KHARTOUM (AFP) – Due to be held in April, the ballot comes at a crucial time for Sudan.
The president faces an international arrest warrant for alleged crimes in the troubled western region of Darfur and tensions remain between the Khartoum government and the semi-autonomous, mostly Christian south, despite a peace deal struck in 2005 to end a 22-year civil war.
“Voter registration has started across Sudan,” the head of the elections commission, Al-Hadi Mohammed Ahmed, told AFP.
Sudanese voters have a month to register for the polls and the authorities have set up both fixed and mobile registration centres across Africa’s largest country.
“We have set up a calendar (to reach remote areas) and village (tribal) chiefs are aware” of the registration, said Ahmed.
But Western experts have voiced concern that authorities will be unable to reach remote areas of Sudan, where some 19 to 20 million people from a 39-million-strong population are eligible to vote.

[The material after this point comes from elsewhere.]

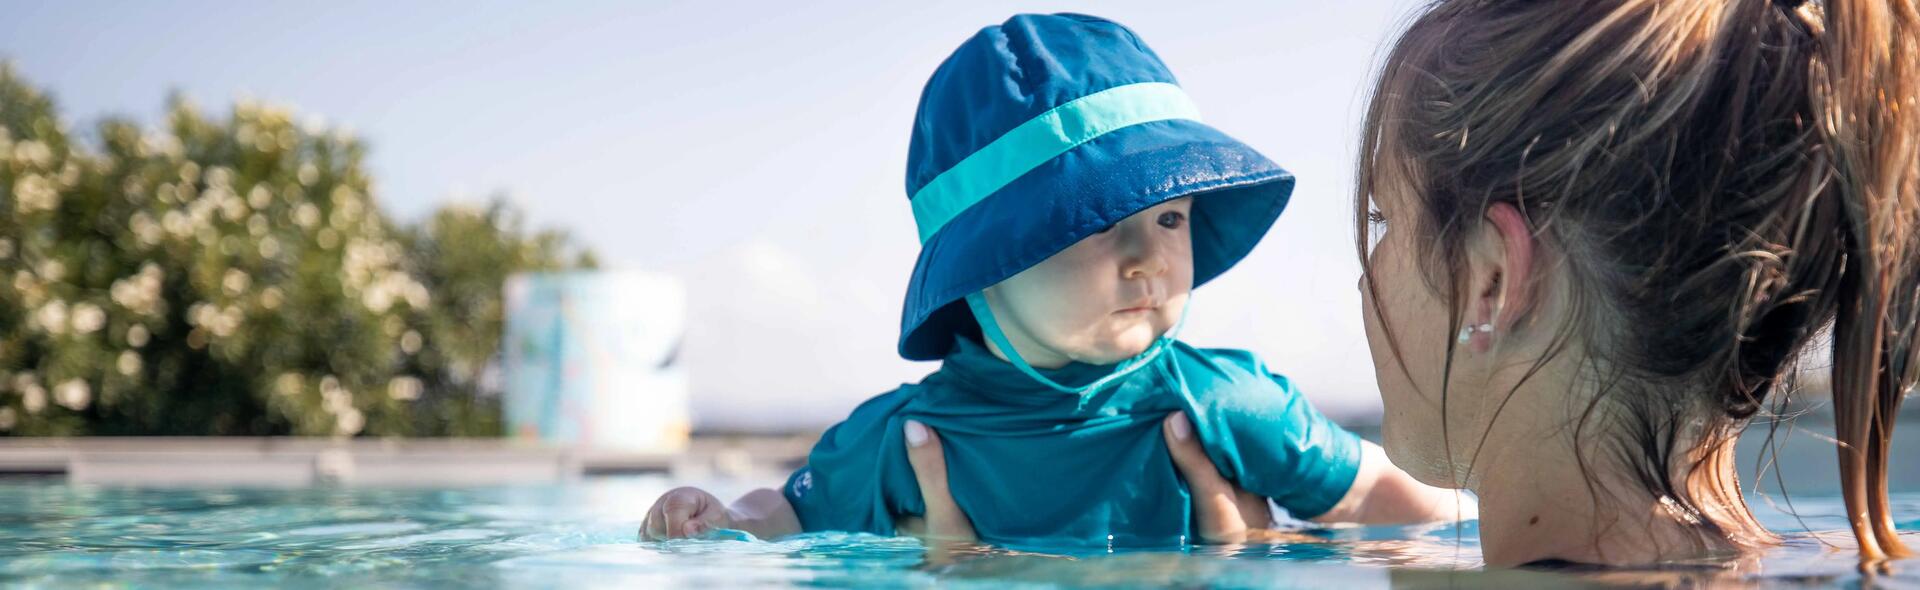 bébé dans une piscine avec sa maman

“The election commission may have some difficulties to move materials to very remote locations,” a UN source said on condition of anonymity.
“One of the differences between previous elections and these is that each individual will have to show up in person in order to be included in the voter register.”

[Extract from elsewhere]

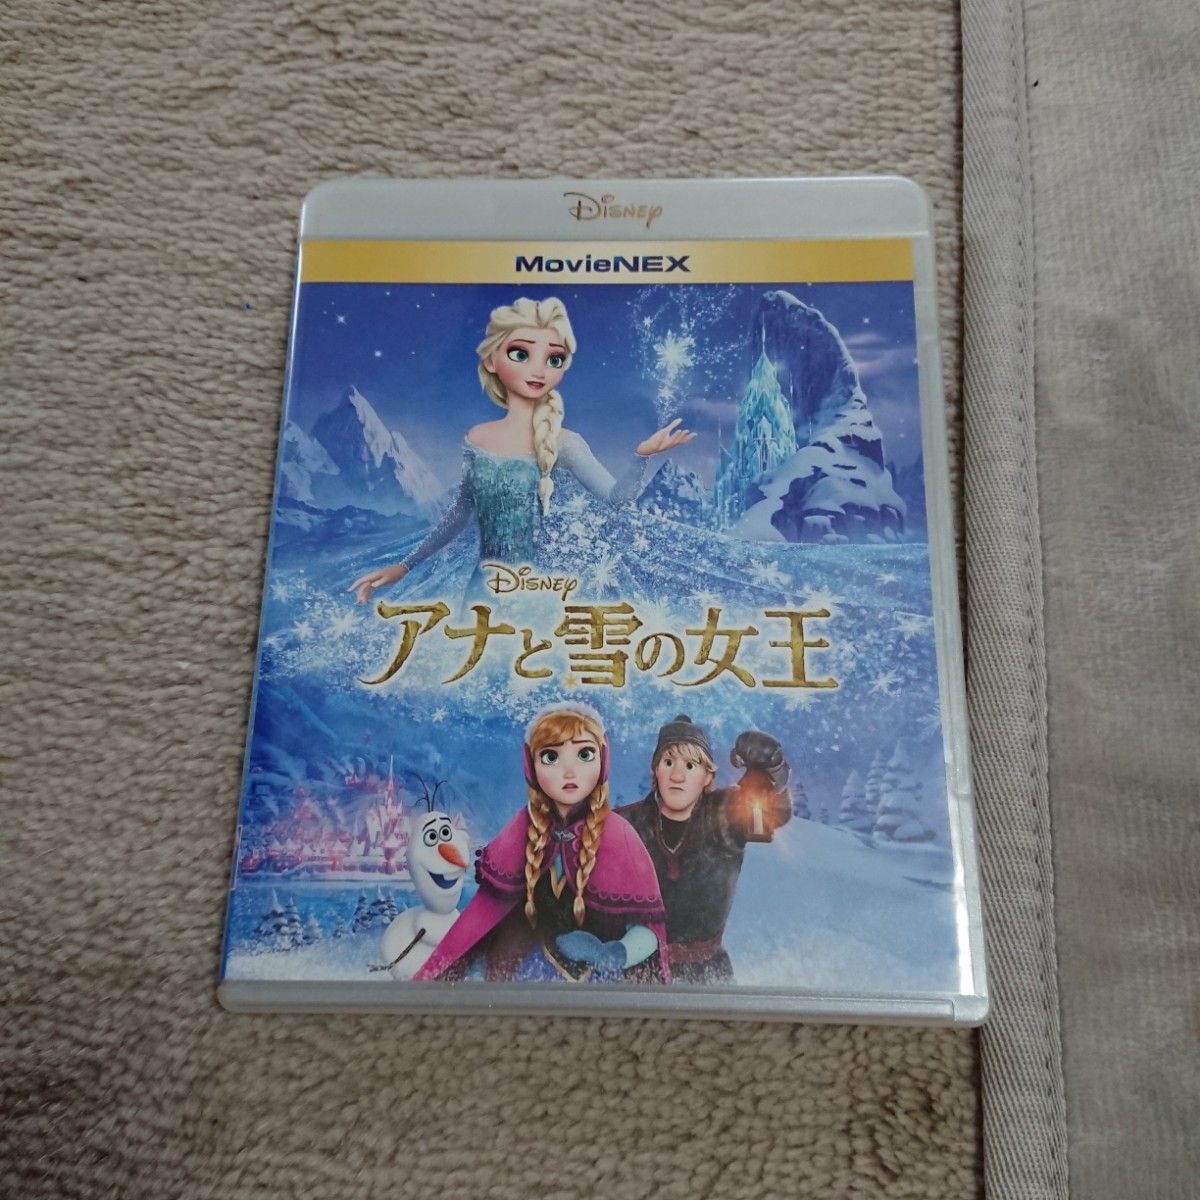 アナと雪の女王 MovieNEX [ブルーレイ+DVD +MovieNEXワールド] [Blu-ray]

Aly Verjee, of the US non-governmental Carter Centre which monitors elections, agreed: “It is a challenge to register 20 million people in one month … In Darfur there is a combination of security and logistical issues.”

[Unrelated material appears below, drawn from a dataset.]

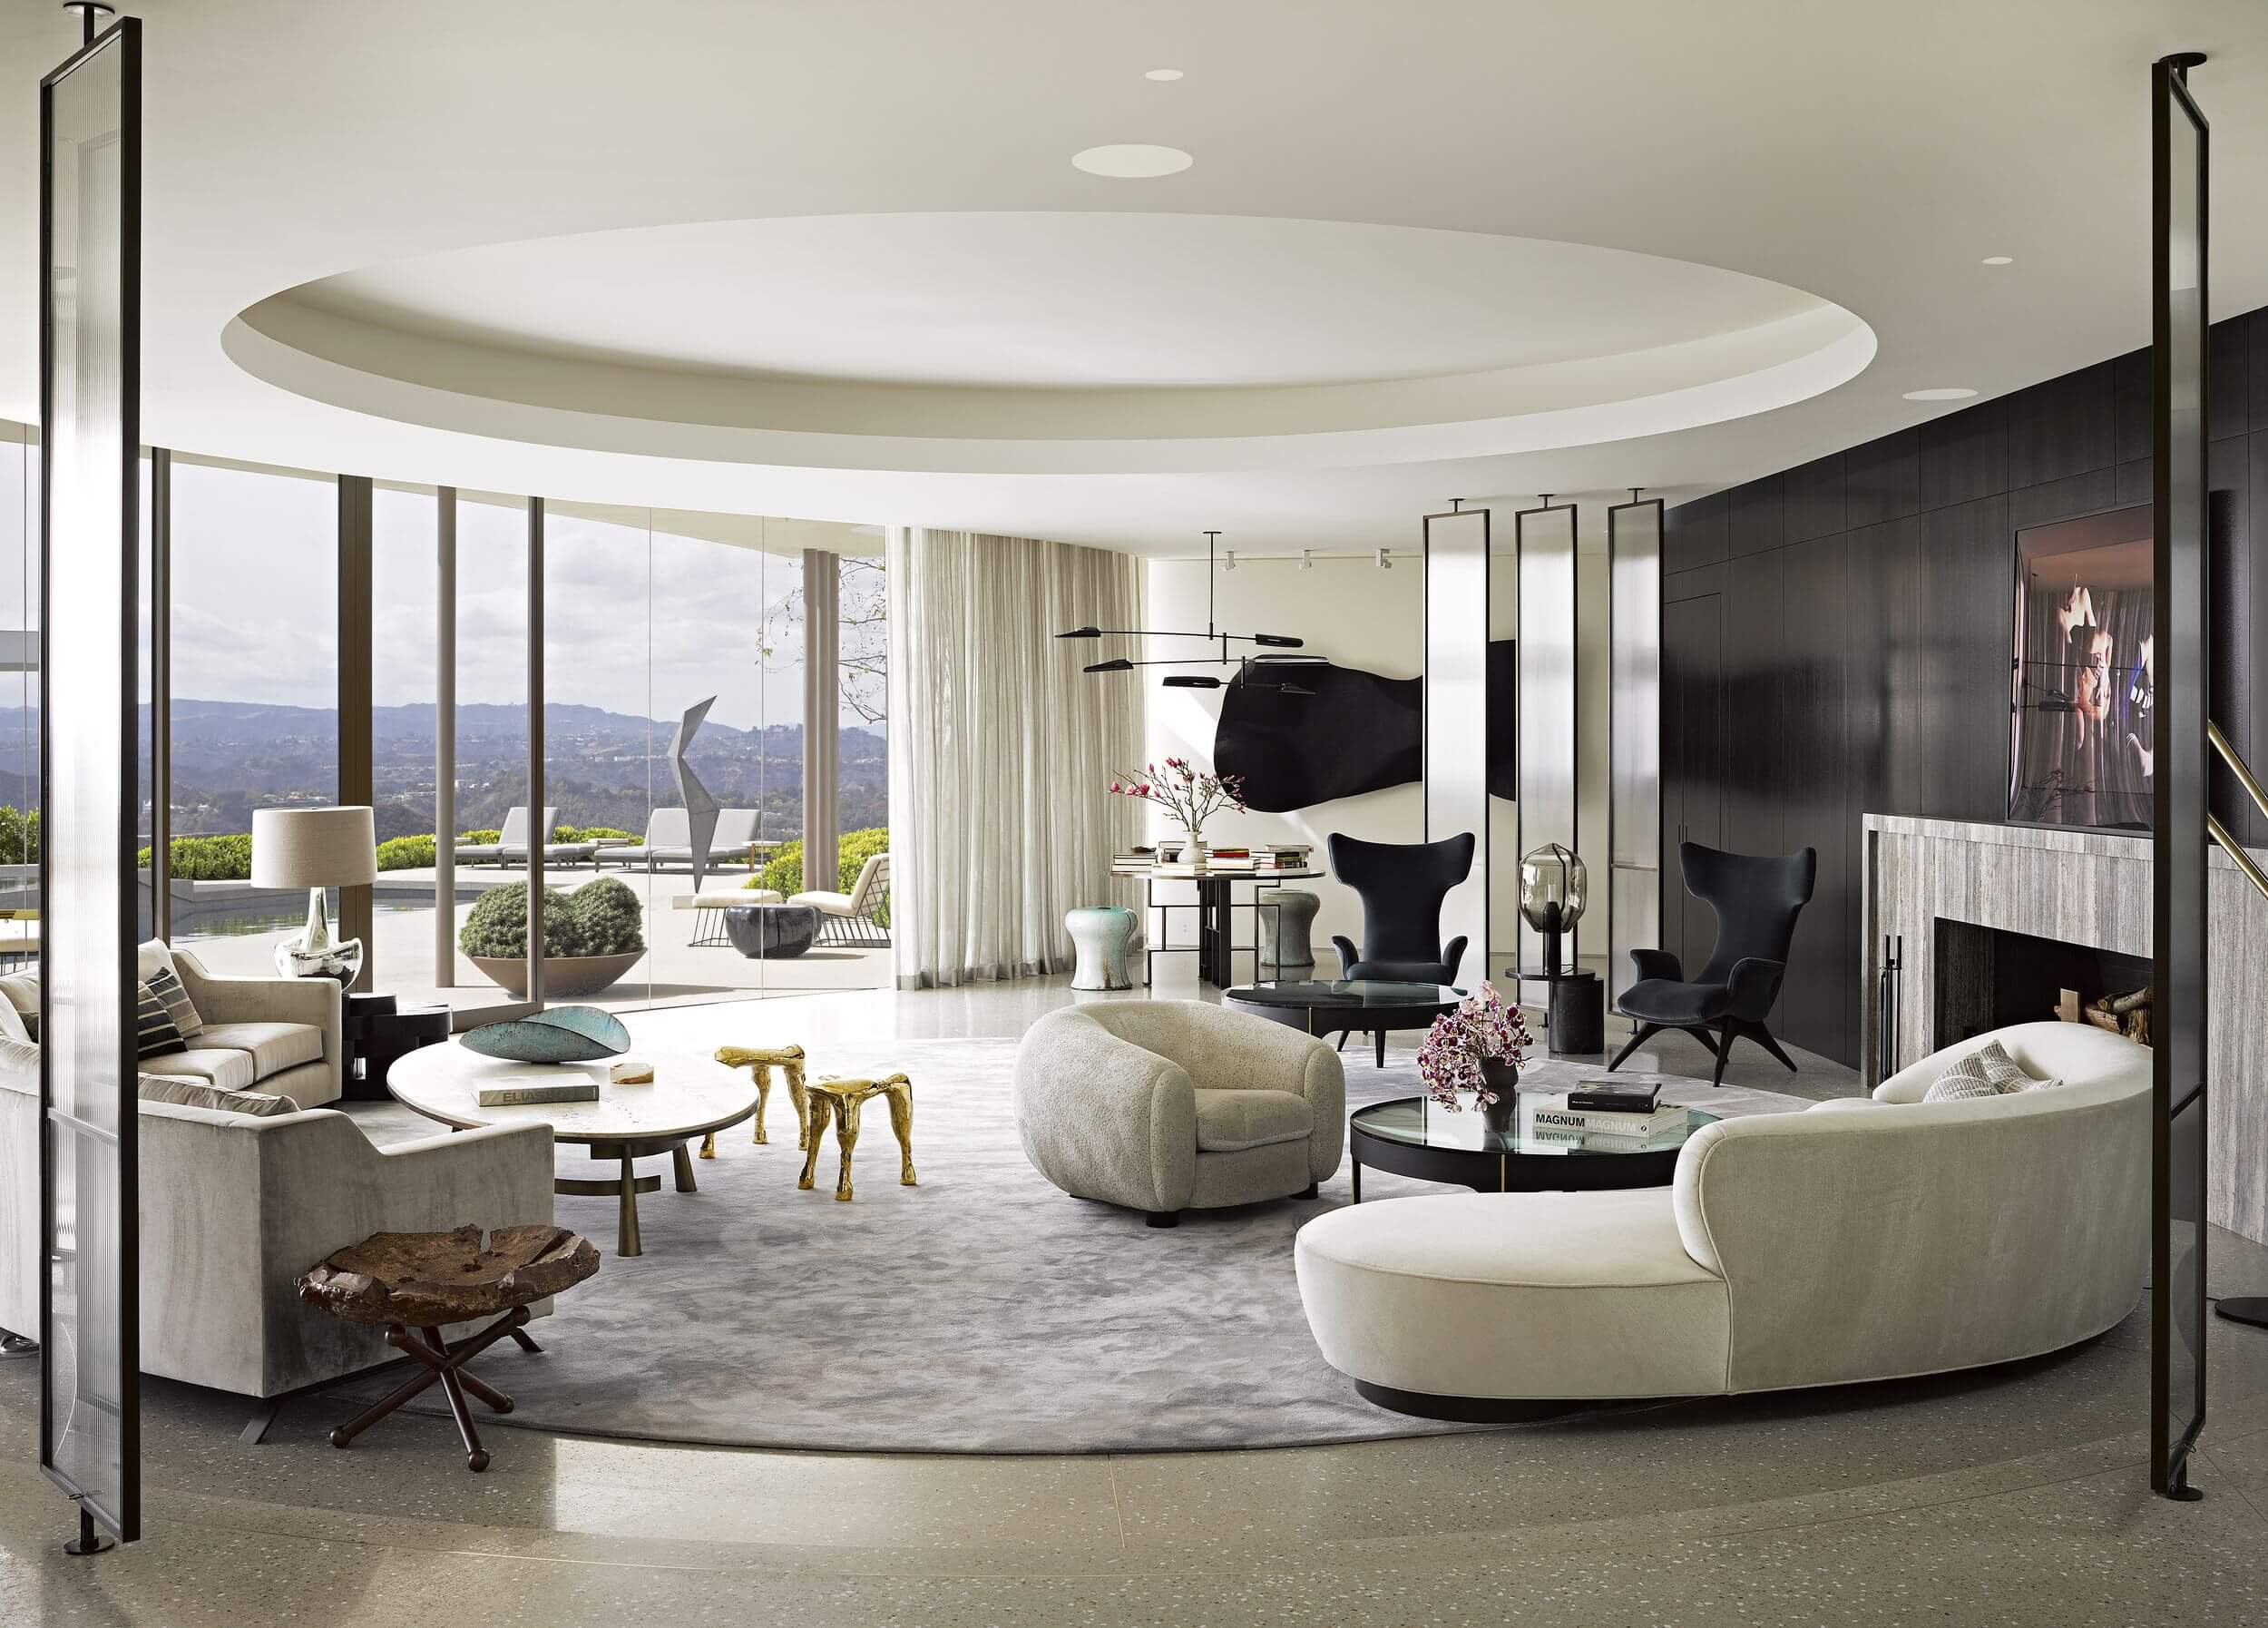 Jamie Bush living room with round sofas

Few people were out Sunday on the streets of Khartoum and in Juba, the capital of the semi-autonomous south, but in both cities residents said they planned to register for the April 2010 election.
Juba also celebrated the launch of registration on Saturday with a concert and marches through the town, with people lining streets, clapping, cheering and waving election leaflets.
“We are happy because this is the start of the elections,” said 25-year-old William Deng, who drives a motorbike taxi.
“I will go register in the week because today is the day of rest,” said Mary Lago, a secretary on her way to Sunday mass.
Khartoum housewife Musaid Yussef carried her baby to a registration office in a working-class district. “I am Sudanese and I want to exercise my right to vote,” she said.
Ali Abdel Galil Omar said he was given a “plastic, numbered voter registration card,” which he was told to submit in April when he casts his ballot.
US special Sudan envoy Scott Gration, who is visiting the country for talks with officials on key issues ahead of the vote, on Sunday urged people to register for the elections.
“As the president (of the semi-autonomous south Salva Kiir) said, we urge you to register to vote, to express your will, to do this in peace and for peace,” Gration said in Juba.
The general elections will be the first in Sudan since 1986, three years before President Omar al-Beshir toppled a democratically elected government in a bloodless military coup, and the fifth since independence in 1956.
The research institute Rift Valley said the aim of the registration drive was to reach 70 percent of the eligible electorate, raising the tally from the 50-percent registration rate of 1986.
Beshir, who has been facing since March an arrest warrant from the International Criminal Court for alleged war crimes in Darfur, has pledged free and fair elections.
But former rebels of the Sudan People’s Liberation Movement (SPLM), who now share a unity government with Beshir’s National Congress Party (NCP), and other opposition parties have threatened a boycott.
The factions are demanding an “amendment of all laws related to freedoms and democratic transformation” by November 30 to bring them into line with Sudan’s interim constitution.
In 2005, after 22 years of north-south civil war that saw largely Christian and animist rebels pitted against the Khartoum government, the SPLM and the NCP signed a Comprehensive Peace Agreement.
The deal stipulated that Sudan will organise general elections in July this year but they were pushed back to April 2010, and also called for a referendum in January 2011 on self-determination for the south.